EXERCISE DETAILS: Exactly as written, set down each line of the data below except its pictures.

EXERCISE DATA:
══════

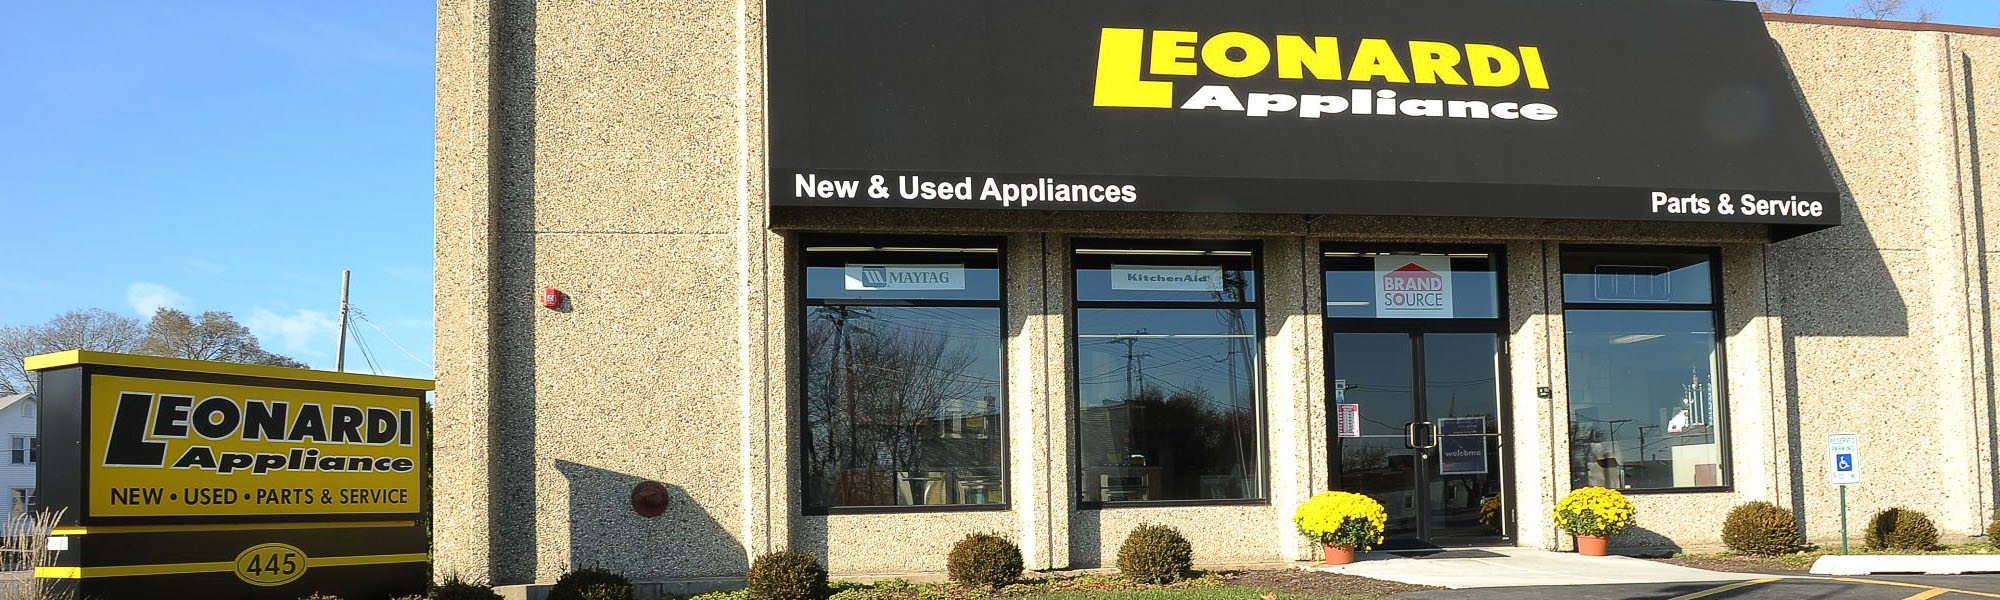 Leonardi Appliances
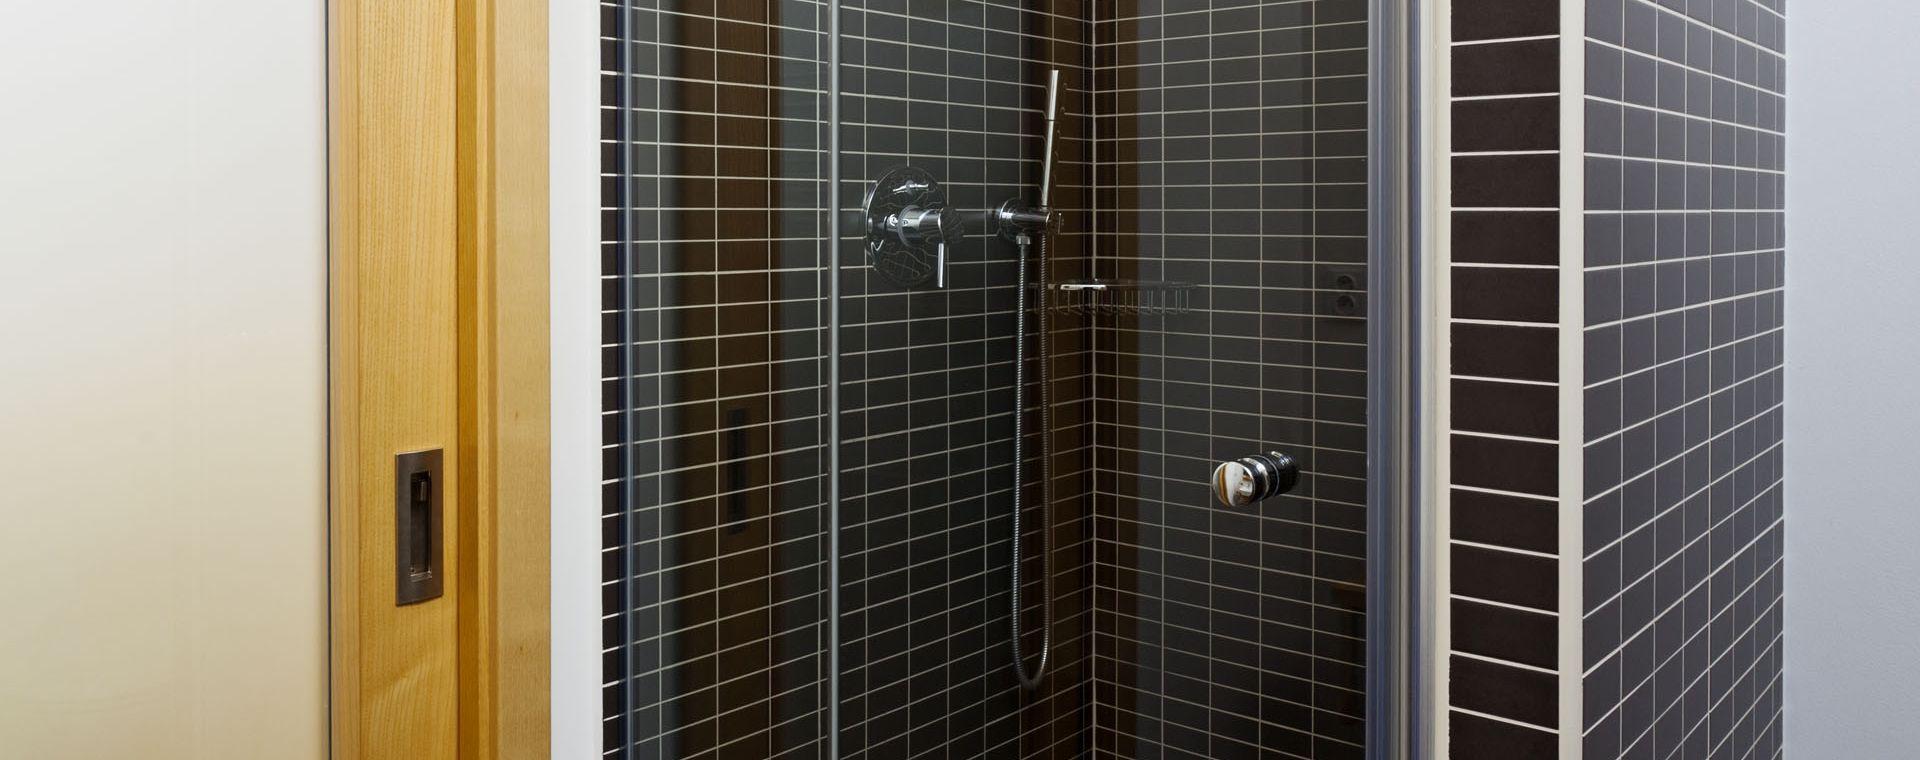 Realizace koupelny - Praha Vinohrady, Praha, 2010-2011, CZ
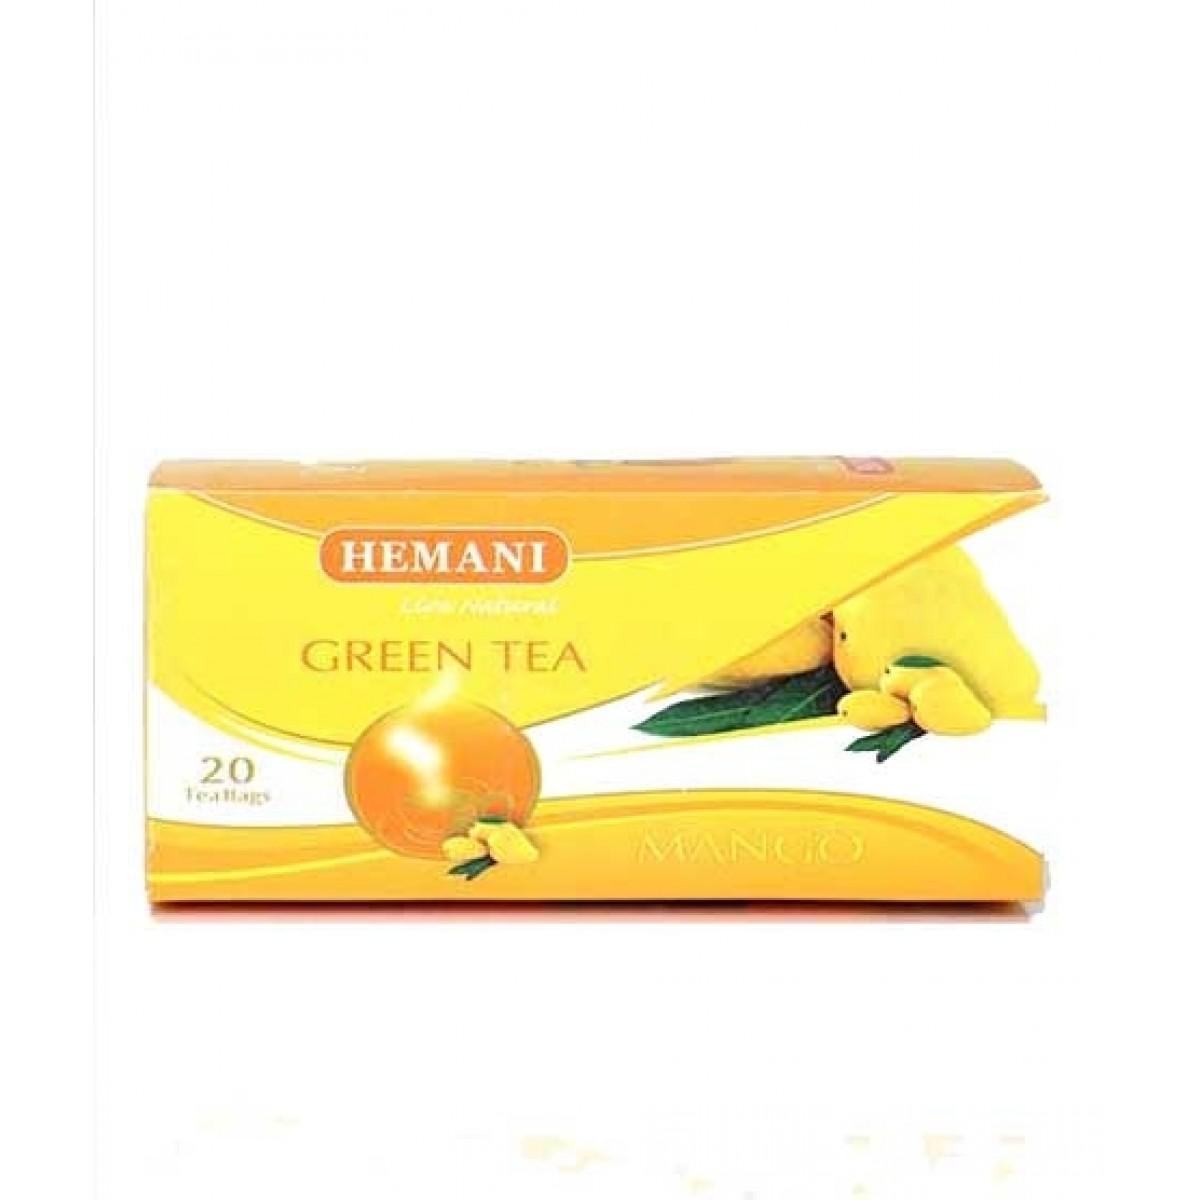 Hemani Mango Green Tea 20 Tea Bags
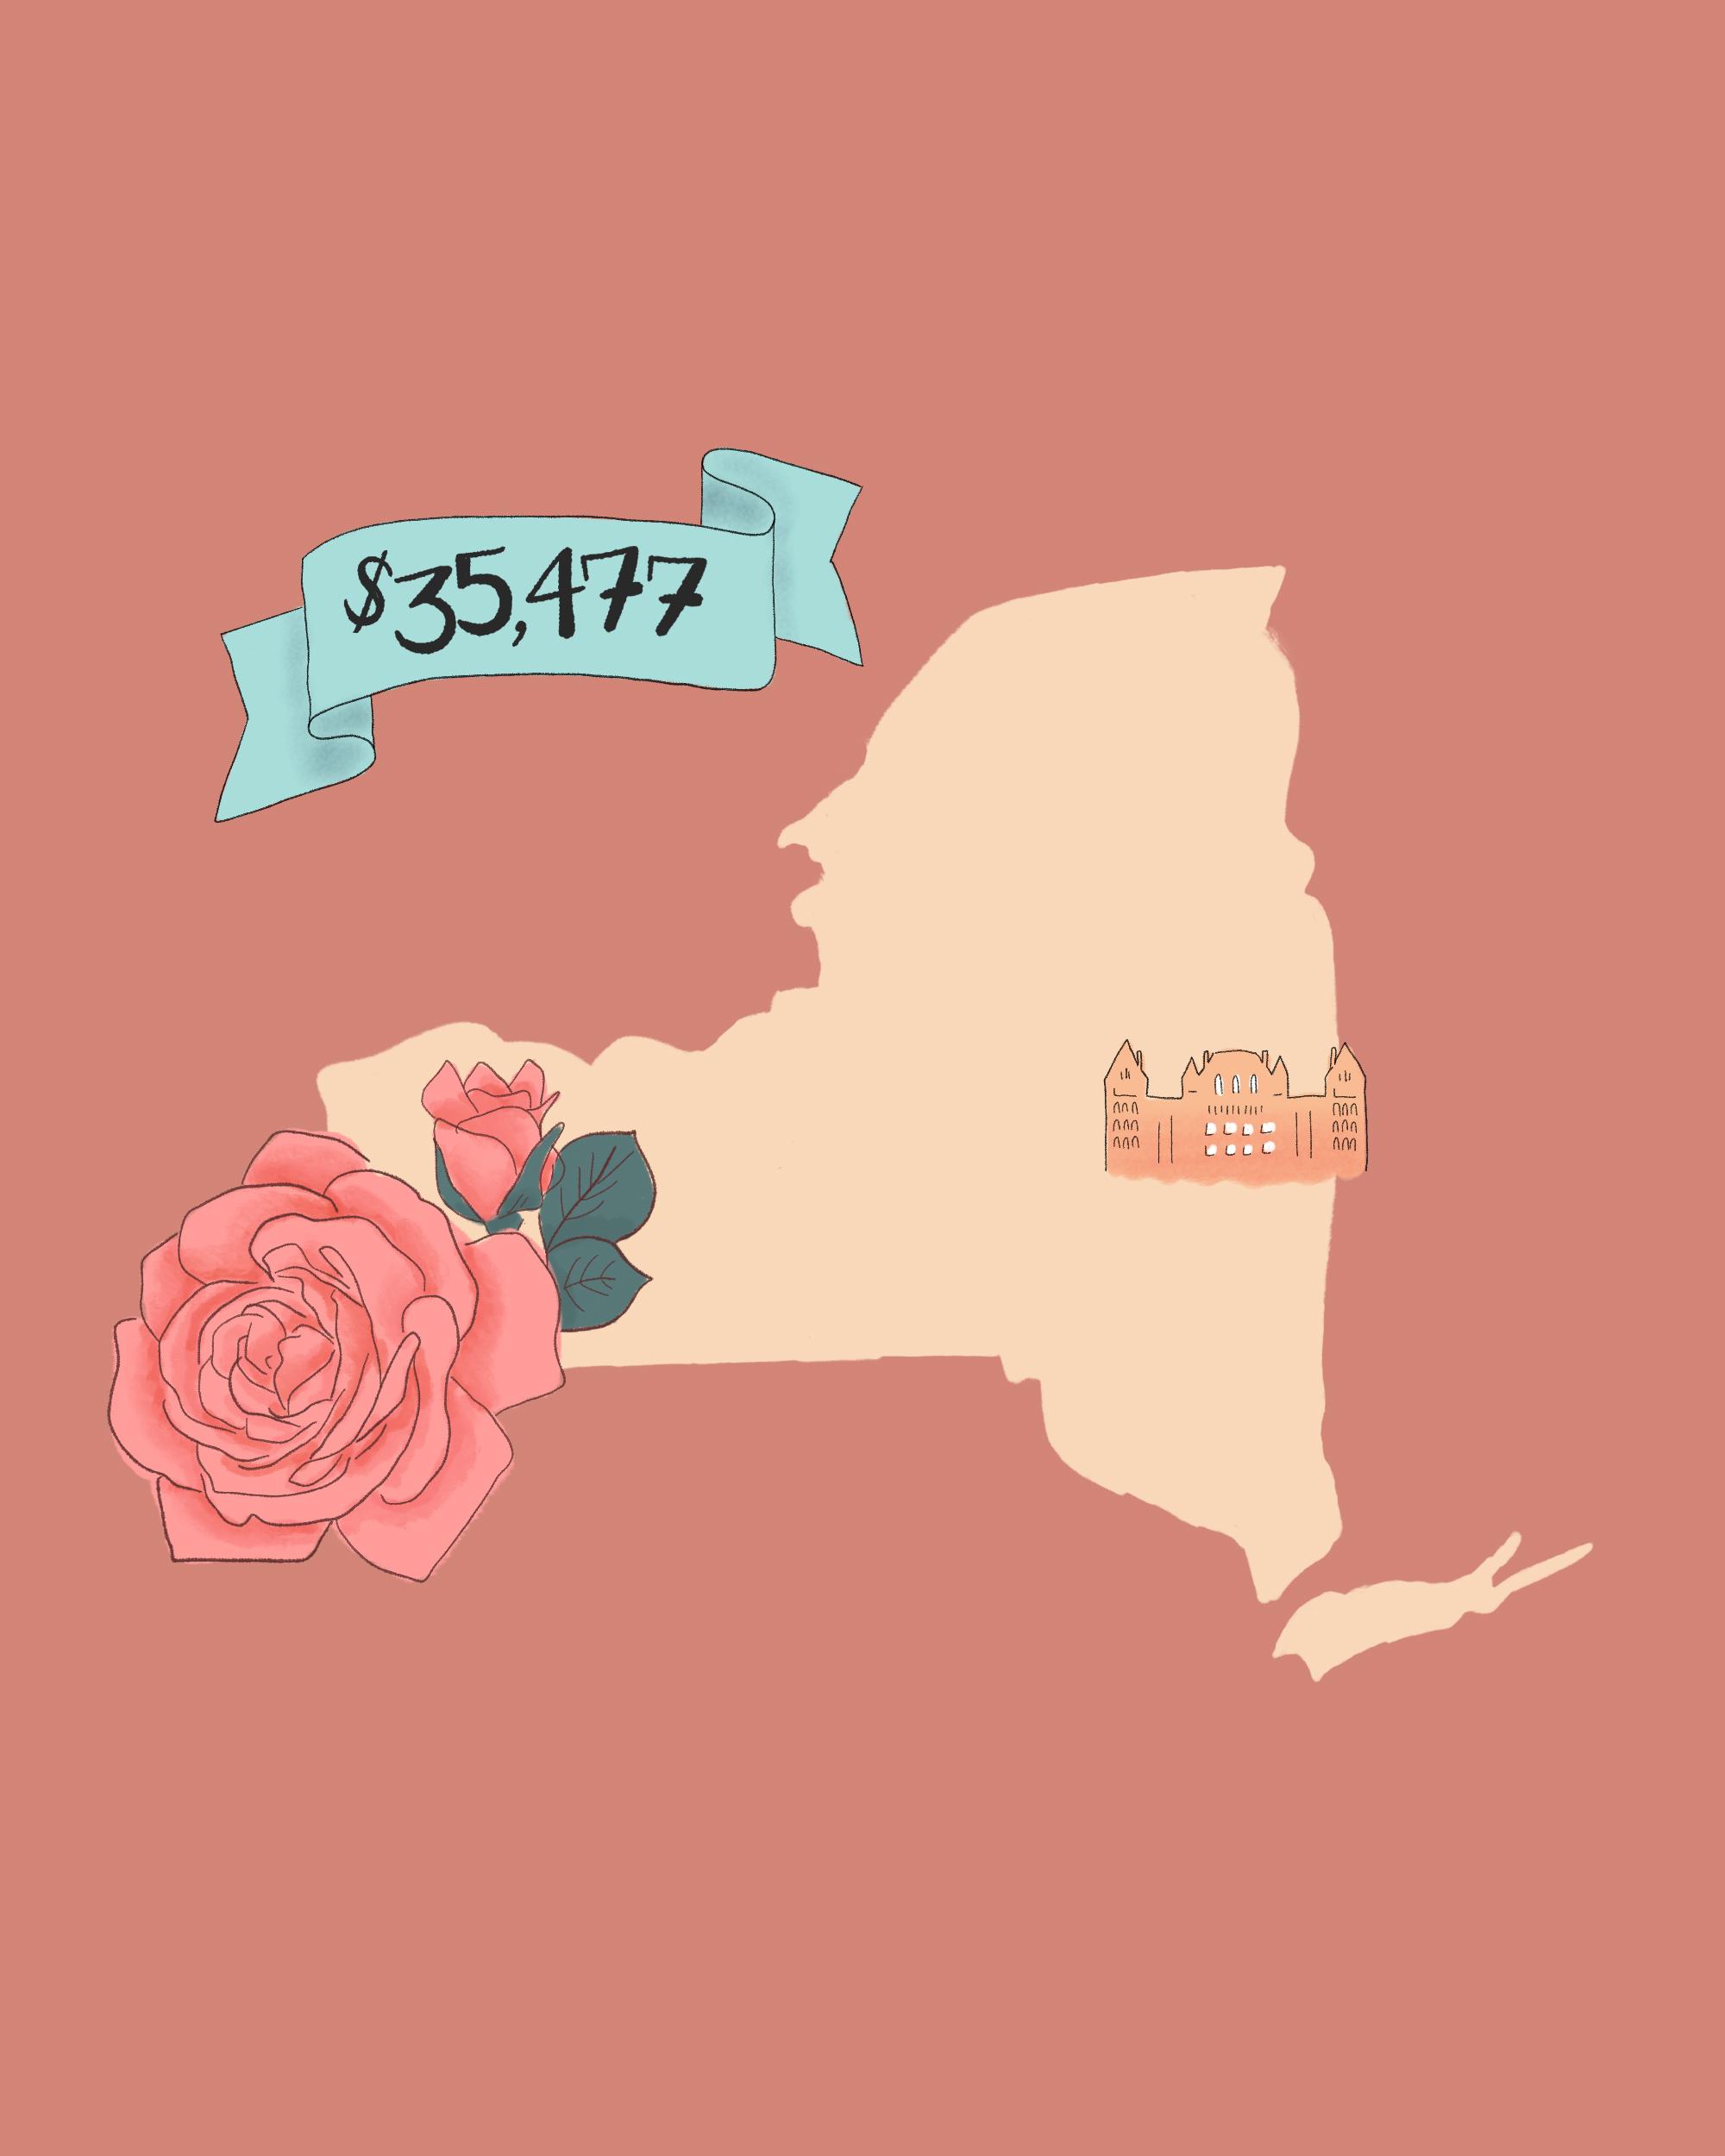 state wedding costs illustration new york

══════

TASK SOLUTION:
 Leonardi Appliances
 Realizace koupelny - Praha Vinohrady, Praha, 2010-2011, CZ
 Hemani Mango Green Tea 20 Tea Bags
 state wedding costs illustration new york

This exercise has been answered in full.